- Nearest city: Mbandaka
- Coordinates: 0°20′24″S 18°07′16″E﻿ / ﻿0.340°S 18.121°E
- Area: 1,000 square kilometres (390 sq mi)
- Established: 2011

= Ngiri Triangle Nature Reserve =

Protected area in the Republic of Congo

The Ngiri Reserve is a protected area of the Democratic Republic of the Congo (DRC).
It is located in western Équateur province, in the Bomongo, Bikoro and Makanza territories, and covers a total area of 1000 km2.
It extends northward from the confluence of the Congo River and the Ubangi River.
According to the World Wide Fund for Nature (WWF) the reserve will conserve biodiversity and the ecosystem in the Ngiri triangle.

==History==
It was first proposed to make the Ngiri triangle, the area between the Ubangi, Congo and Ngiri rivers, into a reserve in 1975, but the project could not be completed. The project was revived by the WWF in the context of Lake Tele - Lake Tumba landscape project, of which the Tumba-Ngiri-Maindombe wetland is the DRC portion.
It was proposed that the new reserve should be IUCN category VI.

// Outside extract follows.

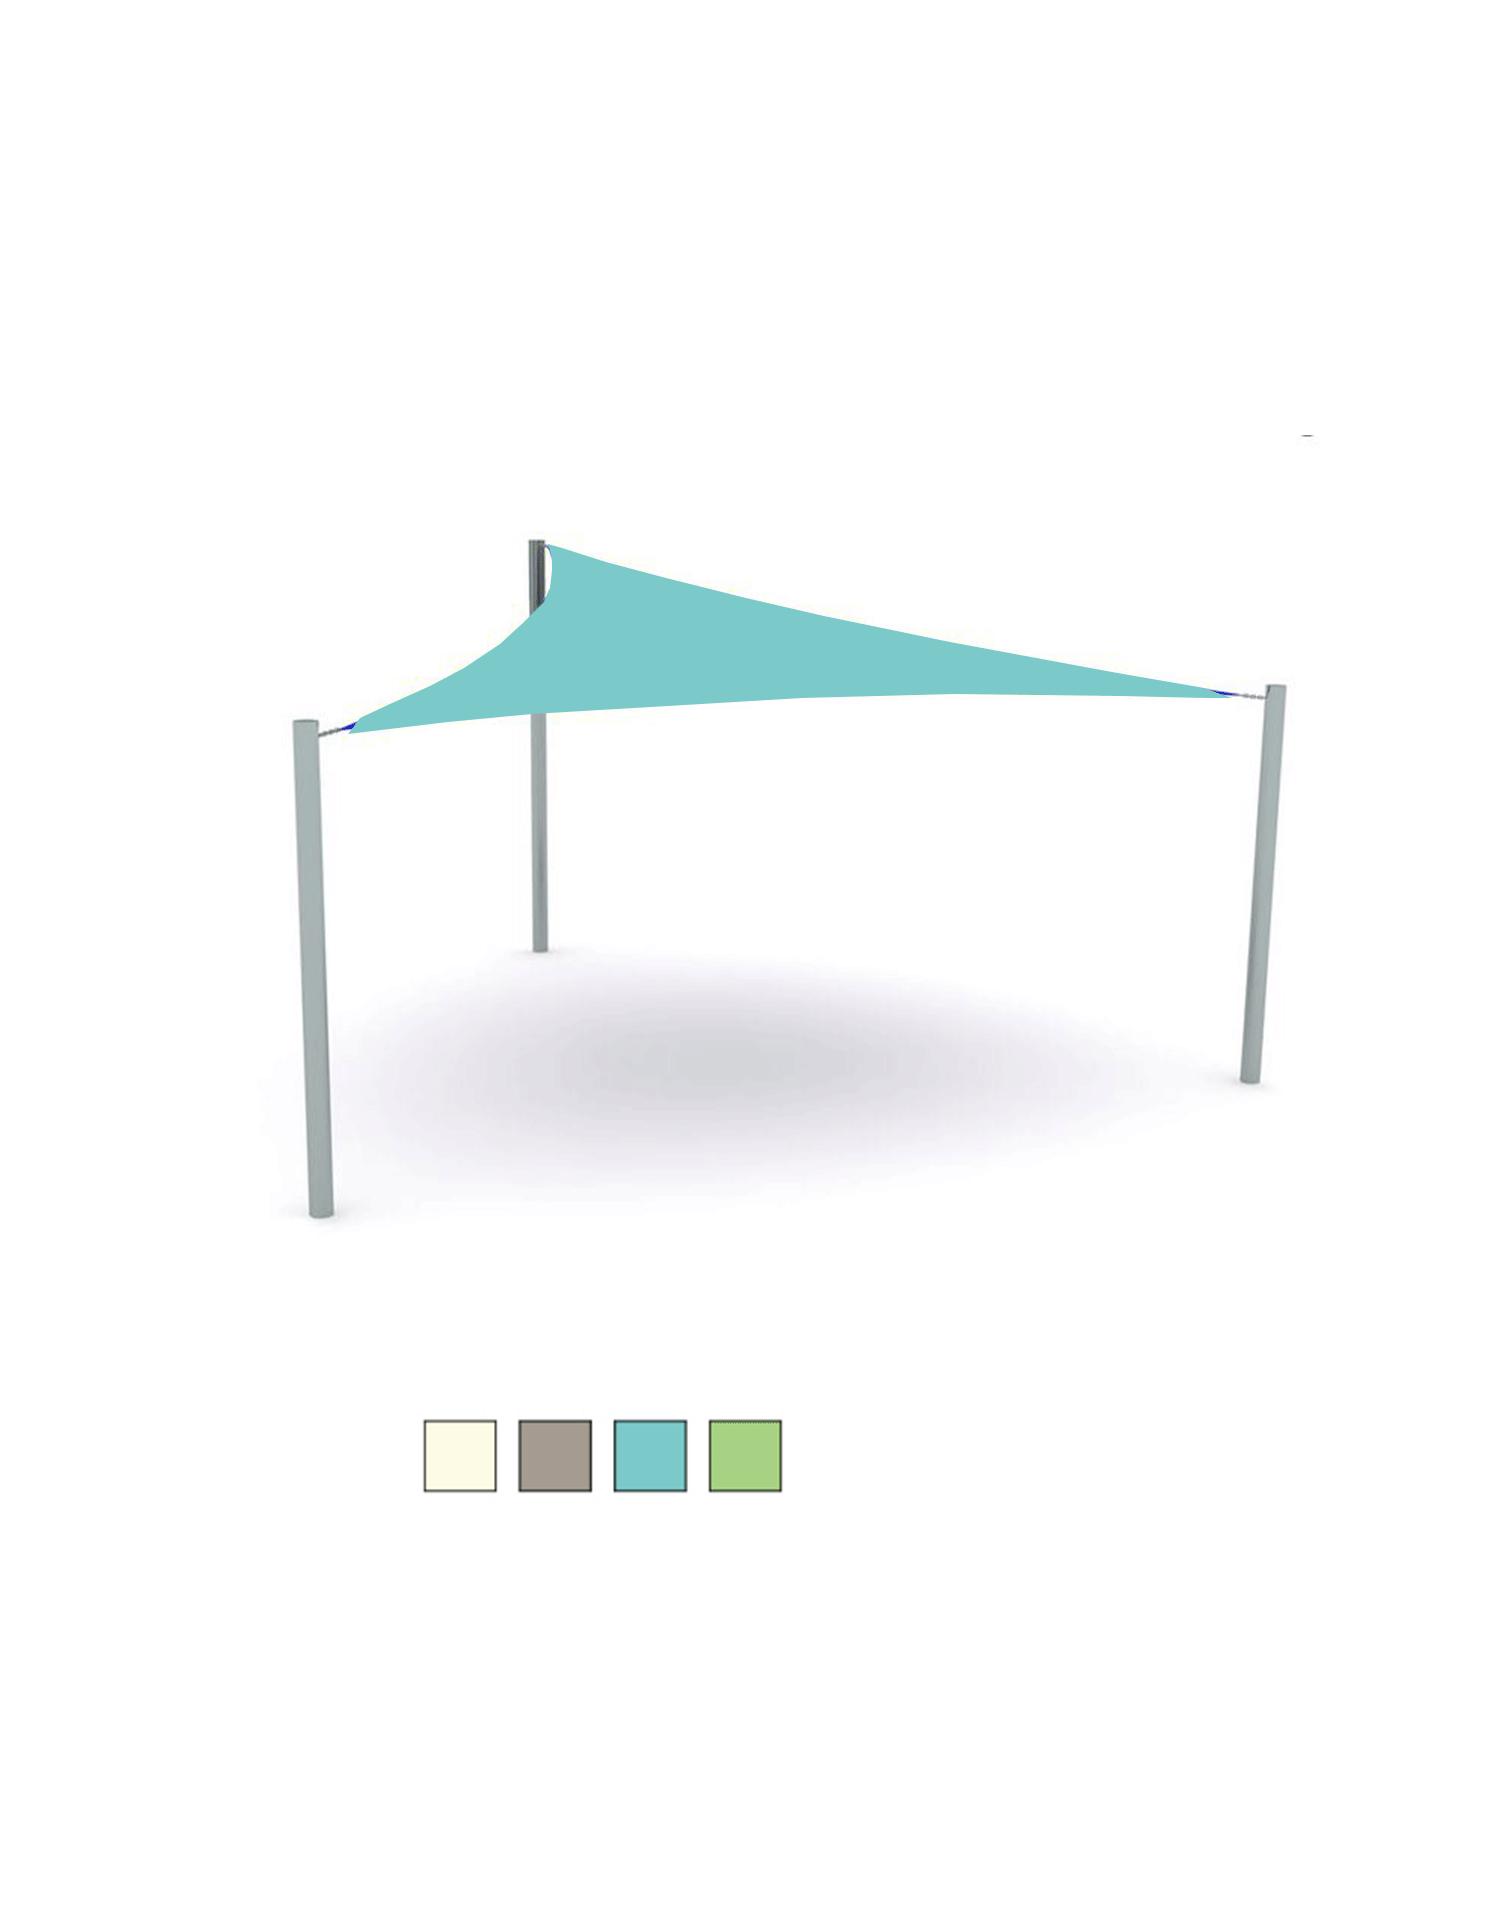 sonnensegel dreieckig blau. Black Bedroom Furniture Sets. Home Design Ideas

In August 2010, the Cooperation Agreement between the governments of the Republic of the Congo and the DRC on the Lake Tele - Lake Tumba landscape provided for creation of the Ngiri reserve as well the Mabali scientific reserve in addition to the Tumba-Lediima Nature Reserve in the DRC and the Lake Télé Community Reserve in the Republic of the Congo.
The Ngiri reserve was created by a decree of the Ministry of Environment in March 2011, with the participation of WWF.

==Environment==
The reserve is mostly covered by swamp forest, and contains many streams and rivers. The Ngiri River flows from north to south through the center of the reserve before joining the Ubangi. A wide zone bordering the Ngiri consists of alternating marshy grassland-savanna, swamp forests and seasonally flooded forests.
The savanna is burned in the dry season. At other times it is flooded.
Common tree species are Entandrophragma palustre, Coelocaryon botryoides, Uapaca heudelotii, Guibourtia demeusei and Oubanguia africana.
Rainfall is relatively constant throughout the year, averaging 1770 mm, but is slightly heavier from August to October and lighter in April and May.
The Ubangi and Ngiri water levels are highest from September to November, while the Congo has highest water levels from October to December.

The reserve is a breeding ground for large numbers of water birds, particularly purple herons, reed cormorants and African darters.
During the low-water periods rosy bee-eaters and African river martins breed in the reserve.
It is the only location in the DRC where Congo sunbirds have been found.
Vulnerable African bush elephants are present, and Allen's swamp monkeys are thought to be present.

The region has a very sparse human population engaged mainly in fishing and hunting. Most settlements are near to Bomongo, the only town in the reserve.
The capital of Équateur province, Mbandaka, lies to the south of the reserve where the Tshuapa River enters the Congo from the east.